Creemedia
Saturday Night Flotsam
By the time this reaches print, Sylvester Stallone's Staying Alive will be on display at the nabes for half the price that the chic and trendy and cinemaphilic paid to see it in midsummer, and you'll be tempted to take advantage of their lower ticket prices.
STAYING ALIVE
Directed by Sylvester Stallone (Paramount)
by John Mendelssohn
By the time this reaches print, Sylvester Stallone's Staying Alive will be on display at the nabes for half the price that the chic and trendy and cinemaphilic paid to see it in midsummer, and you'll be tempted to take advantage of their lower ticket prices.
Resist temptation.
You know the story.
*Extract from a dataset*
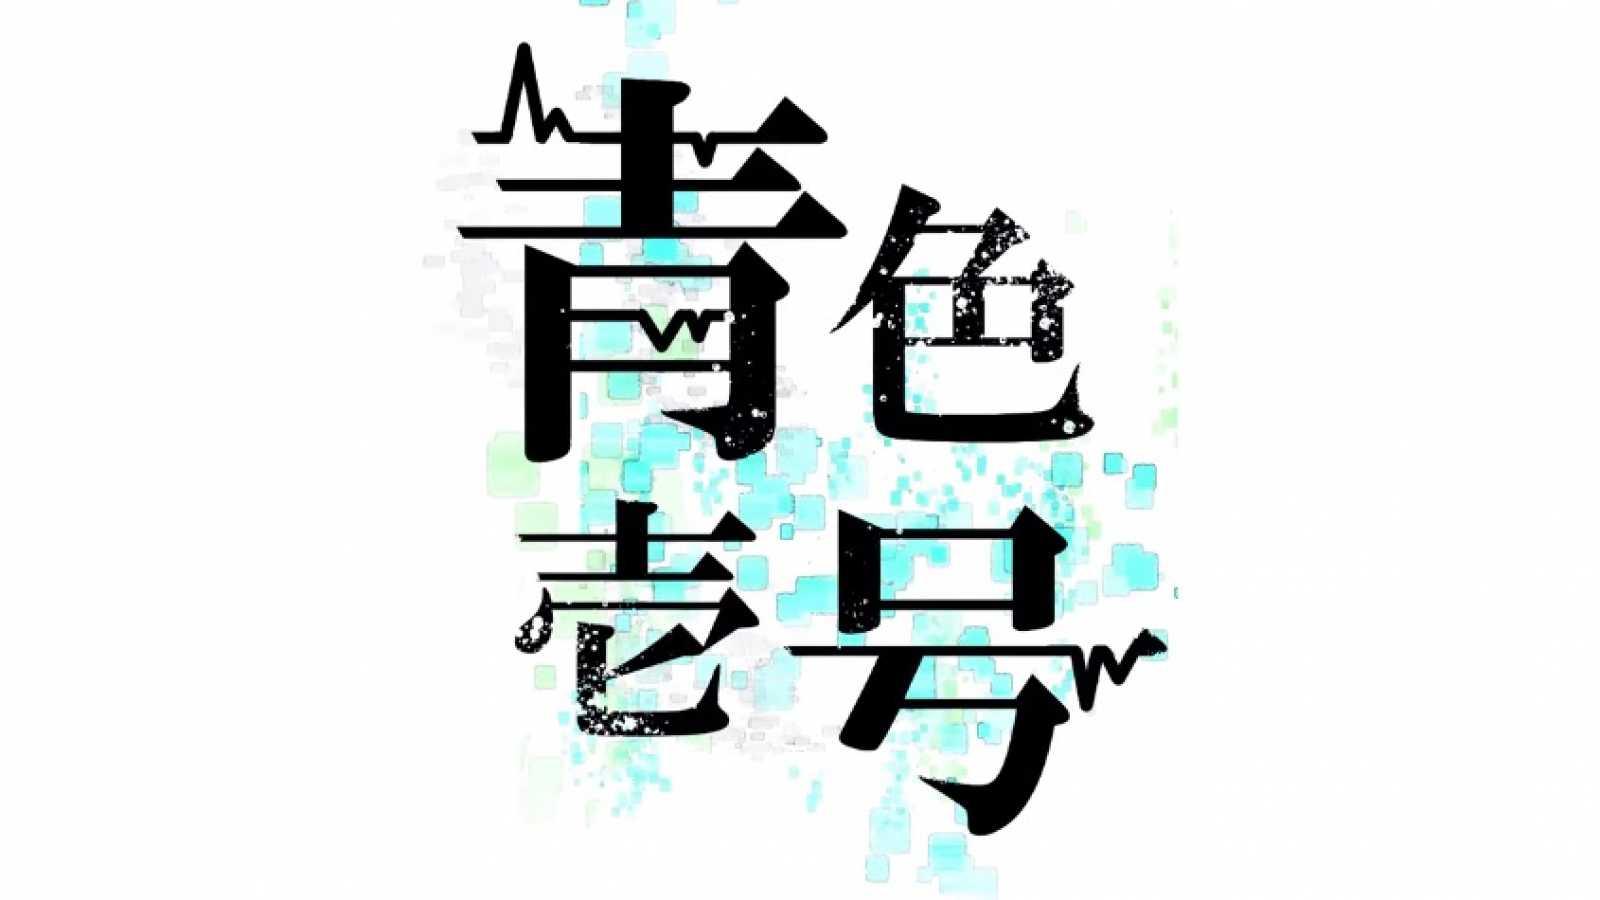 Aoiro-Ichigou © Aoiro-Ichigou. All rights reserved.

One-time Brooklyn disco king Tony Manero (John Travolta), who appears to have spent every spare minute since we saw him last pumping iron, finally gets a job dancing in a Broadway musical. After finding himself unable to dump his sweet, insipid girlfriend (Cynthia Rhodes) for a castrating bitch who dances better (Finola Hughes), he winds up the Broadway musical's star.
One means, really.
Producer/director Sylvester Stallone and co-screenwriter Norman Wexler's dialog abounds in incontestably snappy repartee. For instance, one night on the verge of August, virtually everyone in (Grau)Mann's Chinese Theatre (the one with Stallone's misspelled autograph in cement out in front) laughed aloud when, after a rival for Rhode's affection demanded, "You All-State or something?" Travolta replied, "Yeah. Want disability?"